Immuta provides the industry’s only enterprise data management platform for artificial intelligence (AI), enabling organizations to easily operationalize data for increased access, control and visibility to drive their machine learning and artificial intelligence (AI) programs.
In the report, Gartner finds that “attention and emphasis on data management and governance around machine learning have intensified. Mature data science teams are looking for functionality around data lineage, privacy, risk management and access control.” Gartner recommends that data management and governance becomes a “point of emphasis within data science teams, and provide support through specialized technologies.”
“Through 2022, only 20 percent of organizations investing in information governance will succeed in scaling governance for digital business,” Peter Krensky, Svetlana Sicular, Jim Hare, Erick Brethenoux and Austin Kronz wrote in the report.
The Immuta platform enables algorithmic-driven organizations to quickly operationalize data for increased access, control and visibility to drive their machine learning and advanced analytics programs. The Immuta platform makes data self-serviceable, while enforcing policy controls dynamically on HDFS, Hive, Impala and Spark, as the data is queried. The results are rapidly-developed models that risk professionals and data scientists can trust.

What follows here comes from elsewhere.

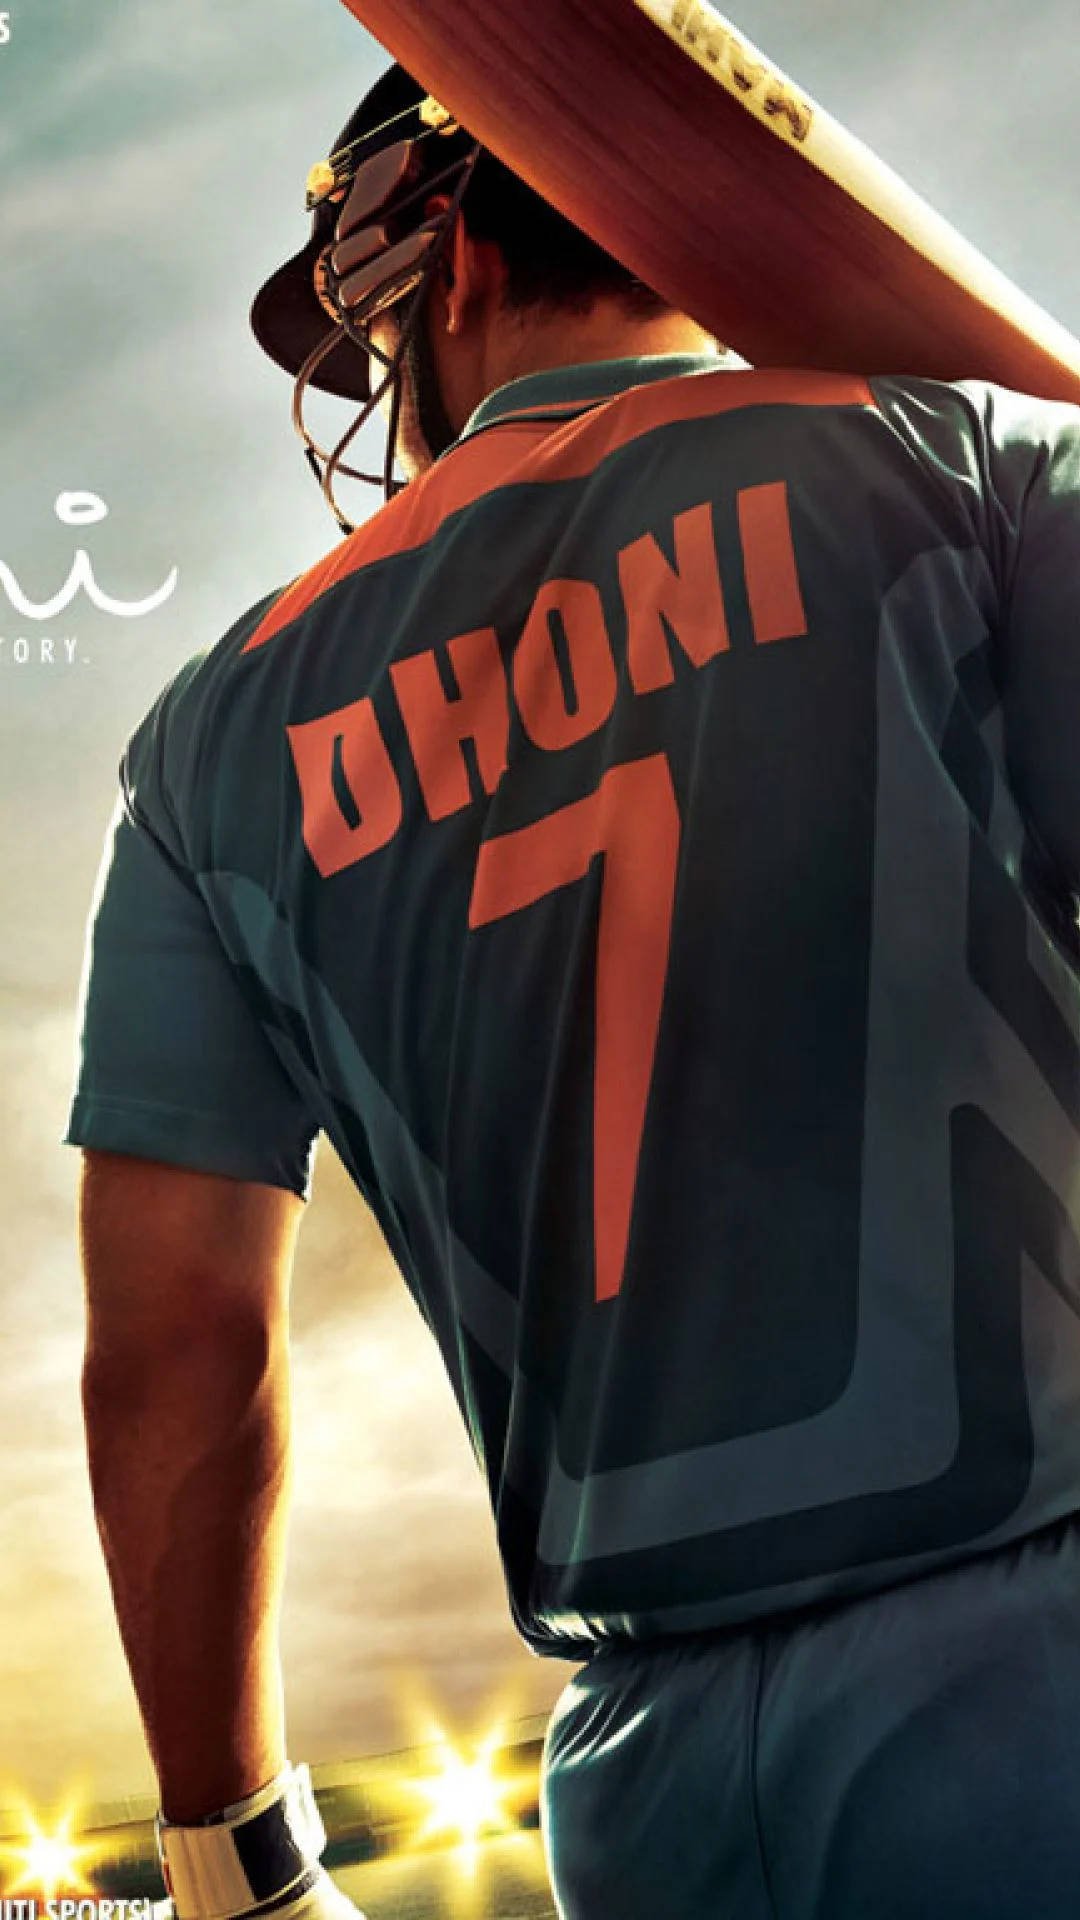 Ms Dhoni Movie Poster

“We’re focused on one simple thing: helping our global users accelerate their data science initiatives through better data management. The ability to deliver legal, compliant and ethical AI equals better business outcomes that consumers can trust,” said Andrew Gilman, Chief Revenue Officer, Immuta. “To us, inclusion in Gartner’s report further validates the importance of data access, policy enforcement, governance and having full control of the data used to drive machine learning and data science programs in the enterprise.”
We believe that the Gartner report is of value to all data scientists, data stewards, IT and legal professionals seeking to streamline the implementation of standardized and methodical data policies at scale and manage the risk of noncompliance or data misuse.
Gartner, Cool Vendors in Data Science and Machine Learning, Peter Krensky, Svetlana Sicular, Jim Hare, Erick Brethenoux, Austin Kronz, 11 September 2018.
Gartner does not endorse any vendor, product or service depicted in our research publications, and does not advise technology users to select only those vendors with the highest ratings or other designation. Gartner research publications consist of the opinions of Gartner’s research organization and should not be construed as statements of fact. Gartner disclaims all warranties, expressed or implied, with respect to this research, including any warranties of merchantability or fitness for a particular purpose.